In the wake of a devastating annual report on hunger and malnutrition, and in the lead-up to the controversial UN Food Systems Summit (UNFSS), the international community is at a point of reckoning.
Despite ambitious goals, a business-as-usual approach to food systems has not made progress. Indeed, COVID-19 and climate change have disrupted food production and supply chains around the world, leading to a dramatic increase in the number of people experiencing moderate or severe food insecurity. According to the FAO, almost one in three people did not have access to adequate food in 2020 and the food security gender gap was increasing. In Africa, where food insecurity is most prevalent, 60% of people experienced moderate or severe food insecurity in the same year. It is not surprising, then, that civil society and corporate actors alike are calling for radical changes to the way food systems are governed. And yet these changes as currently proposed have some important blind spots, especially around aquatic foods.

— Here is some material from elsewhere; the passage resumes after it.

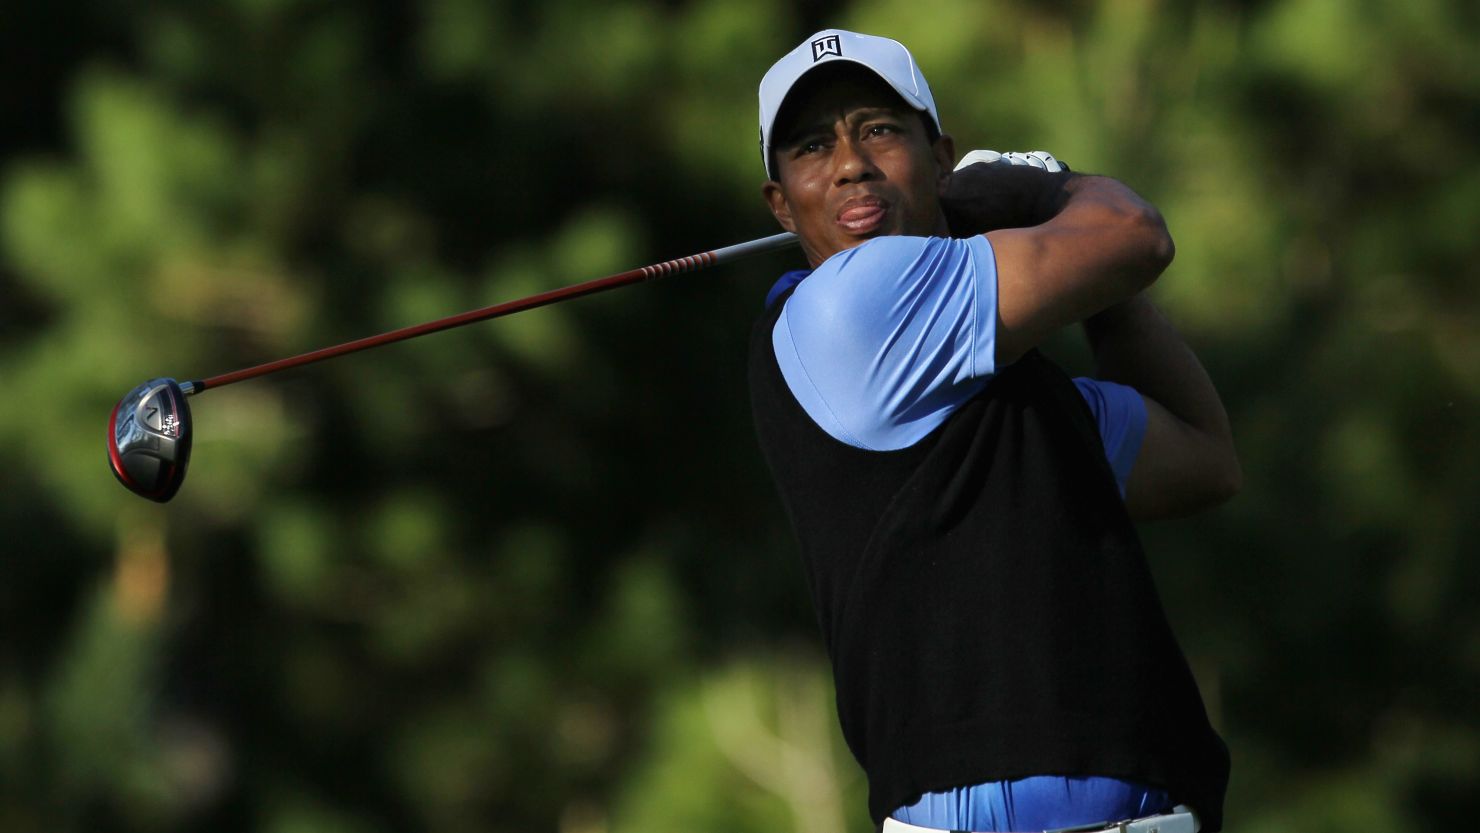 Tiger Woods is seeking his first win in a recognized tour event since November 2009.

The conversation around food systems governance is only just beginning to recognize the role played by aquatic foods—marine and inland capture fisheries, aquaculture, and mariculture—in providing protein and micronutrients to billions. Only two out of the 120 affiliated sessions at the UNFSS Pre-Summit mentioned aquatic foods in their titles. And this is despite the fact, according to the FAO, that fish account for about 17% of animal protein consumption globally. Furthermore, in many countries where malnutrition is prevalent, existing fisheries landings could already provide more than enough micronutrients for coastal populations. Clearly, something has gone wrong here. Why hasn’t the food governance conversation extended to aquatic foods? And why are hunger and malnutrition on the rise when the production of aquatic foods has never been higher?
The Problem of Fisheries Extractivism
A partial answer to both of these questions has to do with the governance of capture fisheries. Fisheries are simply not governed with food security in mind. Rather, the law and policy devices used to control and “optimize” fisheries production overwhelmingly reflect a management paradigm that attempts to maximize economic growth at the expense of legitimate ethical social objectives. This is fisheries extractivism, and it is at least partially responsible for the shared myopia of both food systems governance and fisheries management.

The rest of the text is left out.